About this task: Find the line below with "ProFlex conduit de" and the line with "Terminez le dessin du tigre". Output exactly those lines and everything between them, leaving out the pictures.

Task material:

<<<<

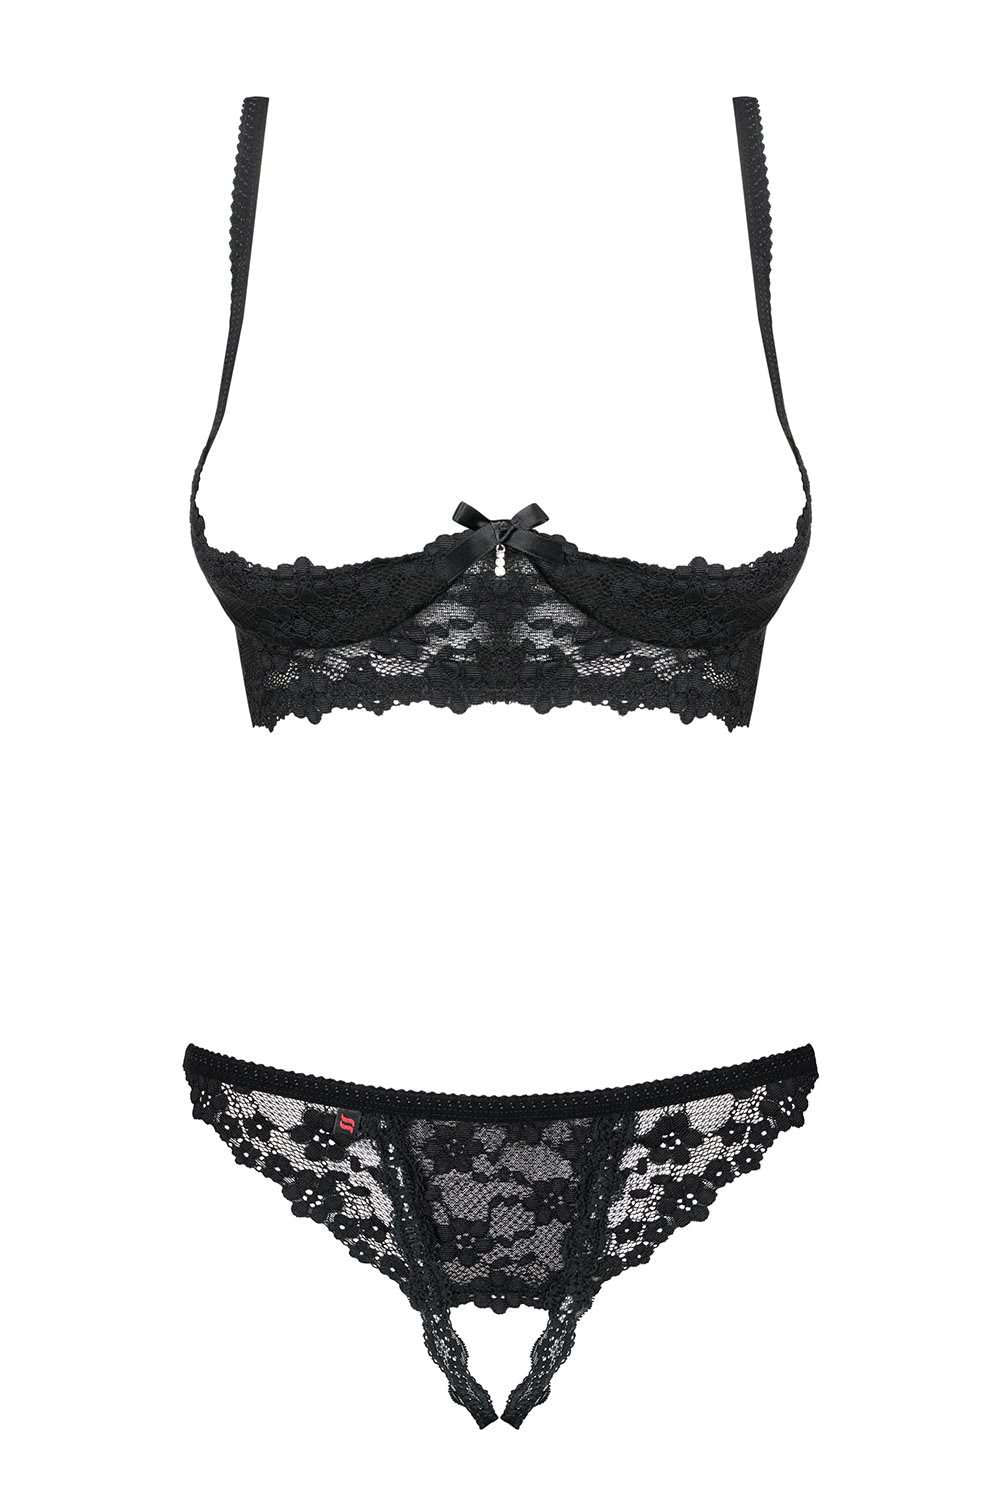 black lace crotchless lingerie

>>>>
<<<<

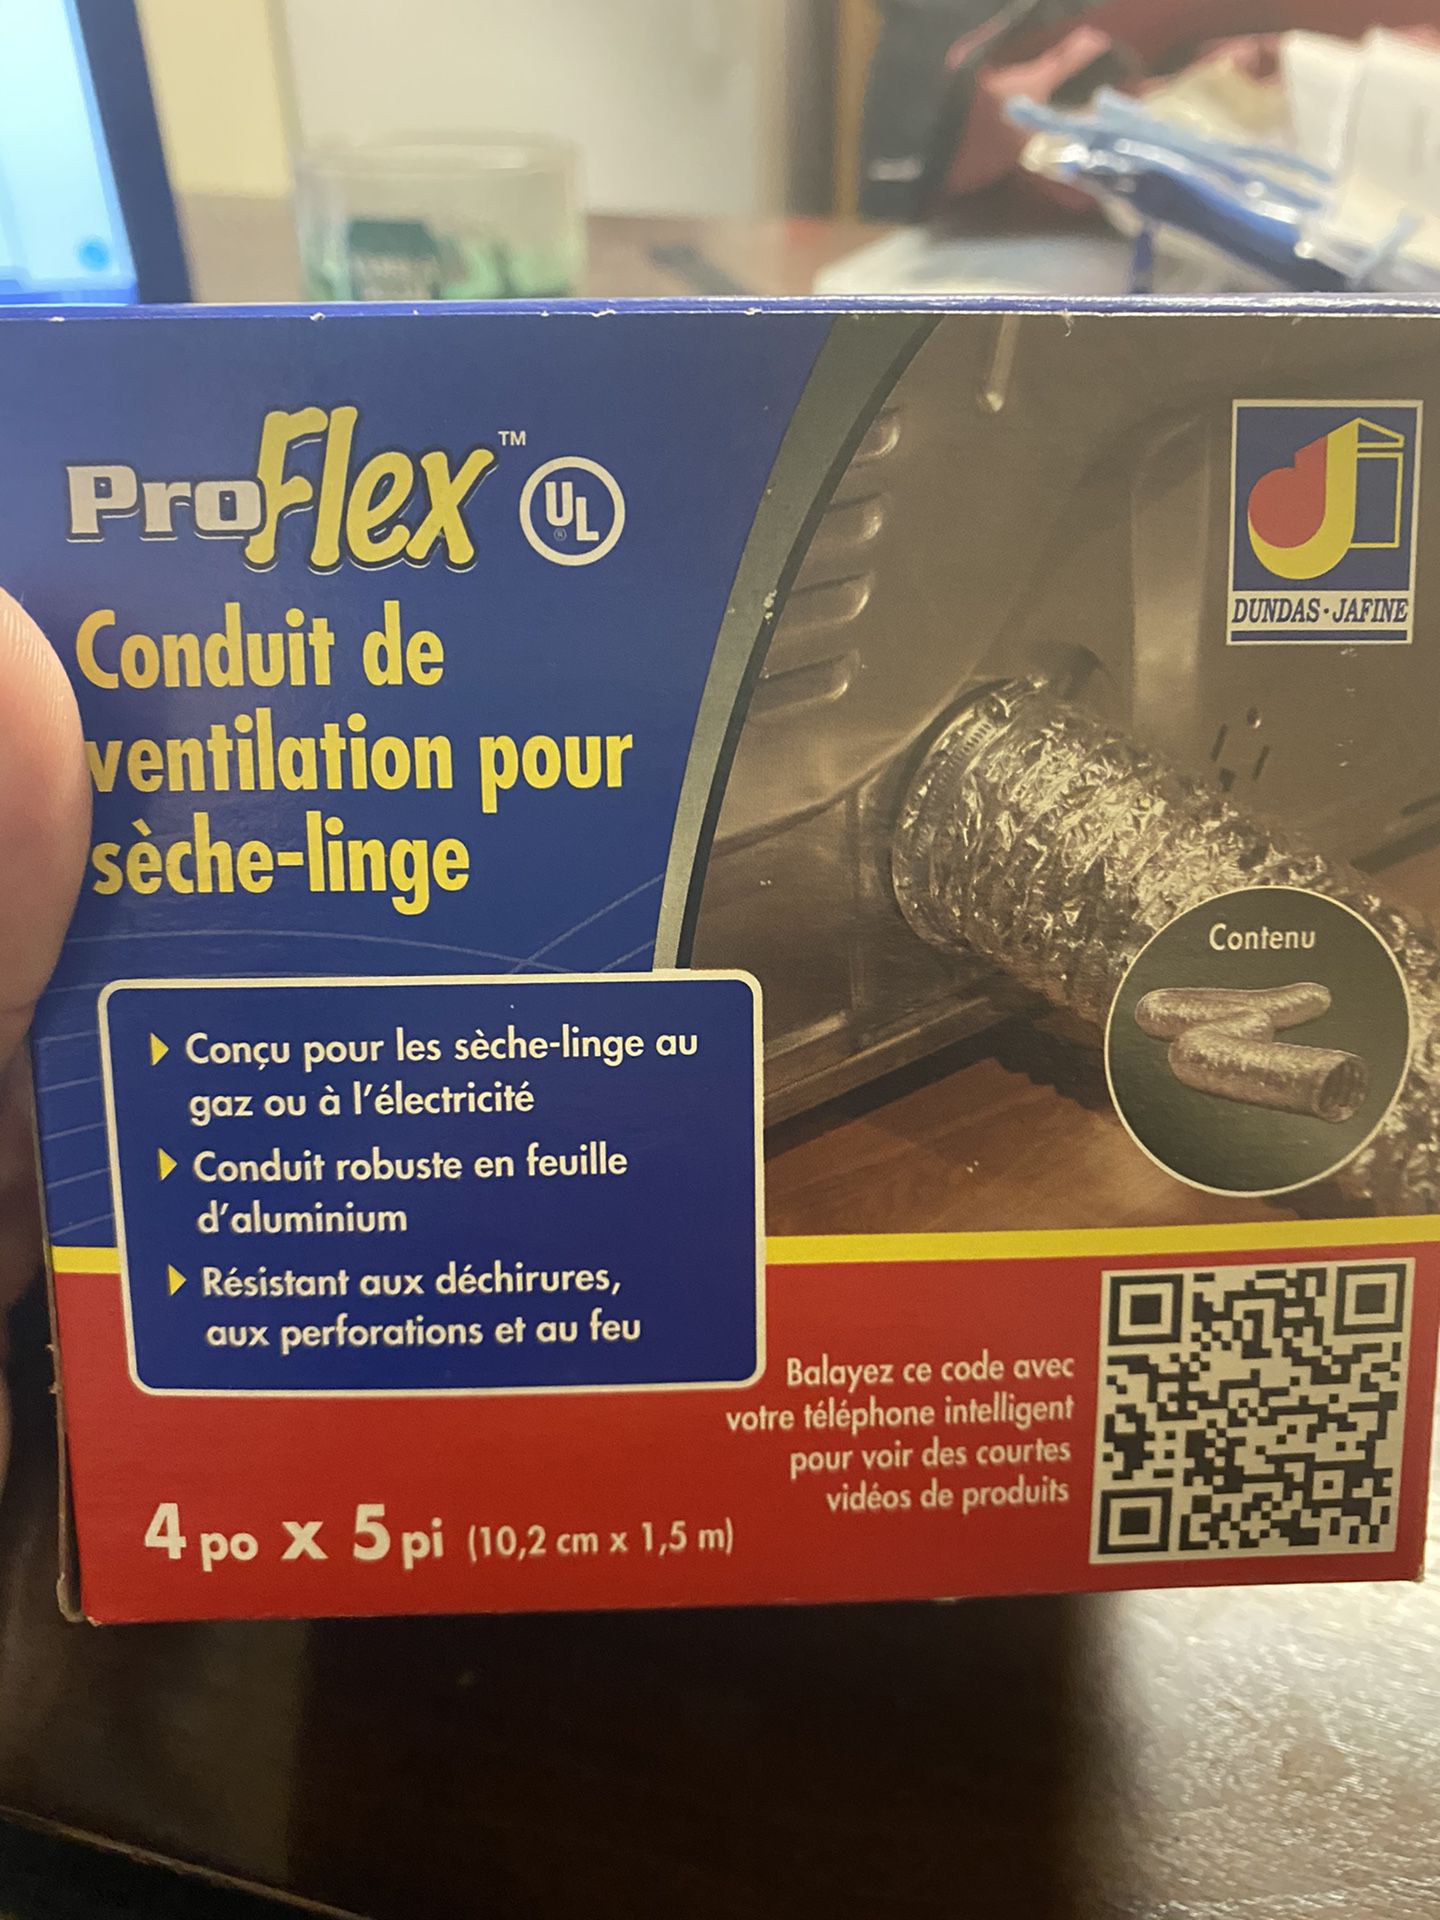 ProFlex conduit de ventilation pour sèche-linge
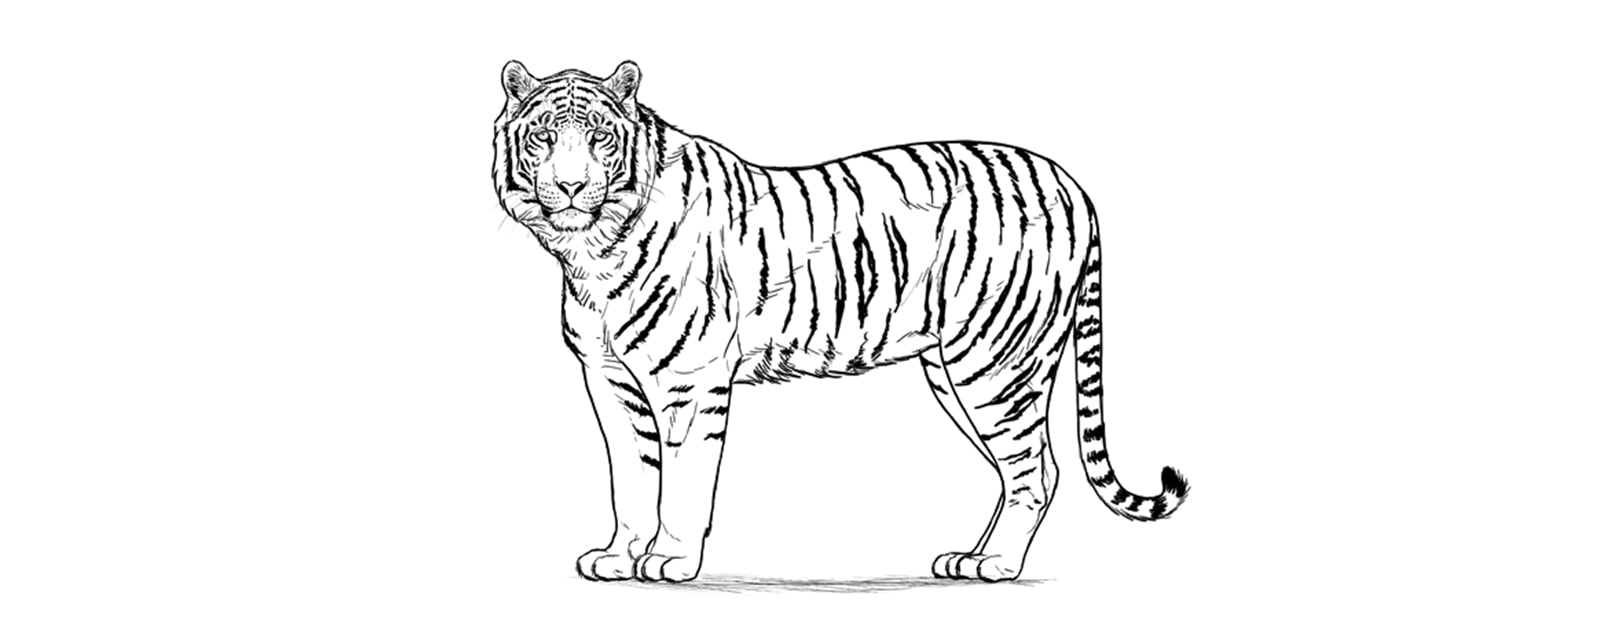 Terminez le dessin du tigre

>>>>

Expected output:
 ProFlex conduit de ventilation pour sèche-linge
 Terminez le dessin du tigre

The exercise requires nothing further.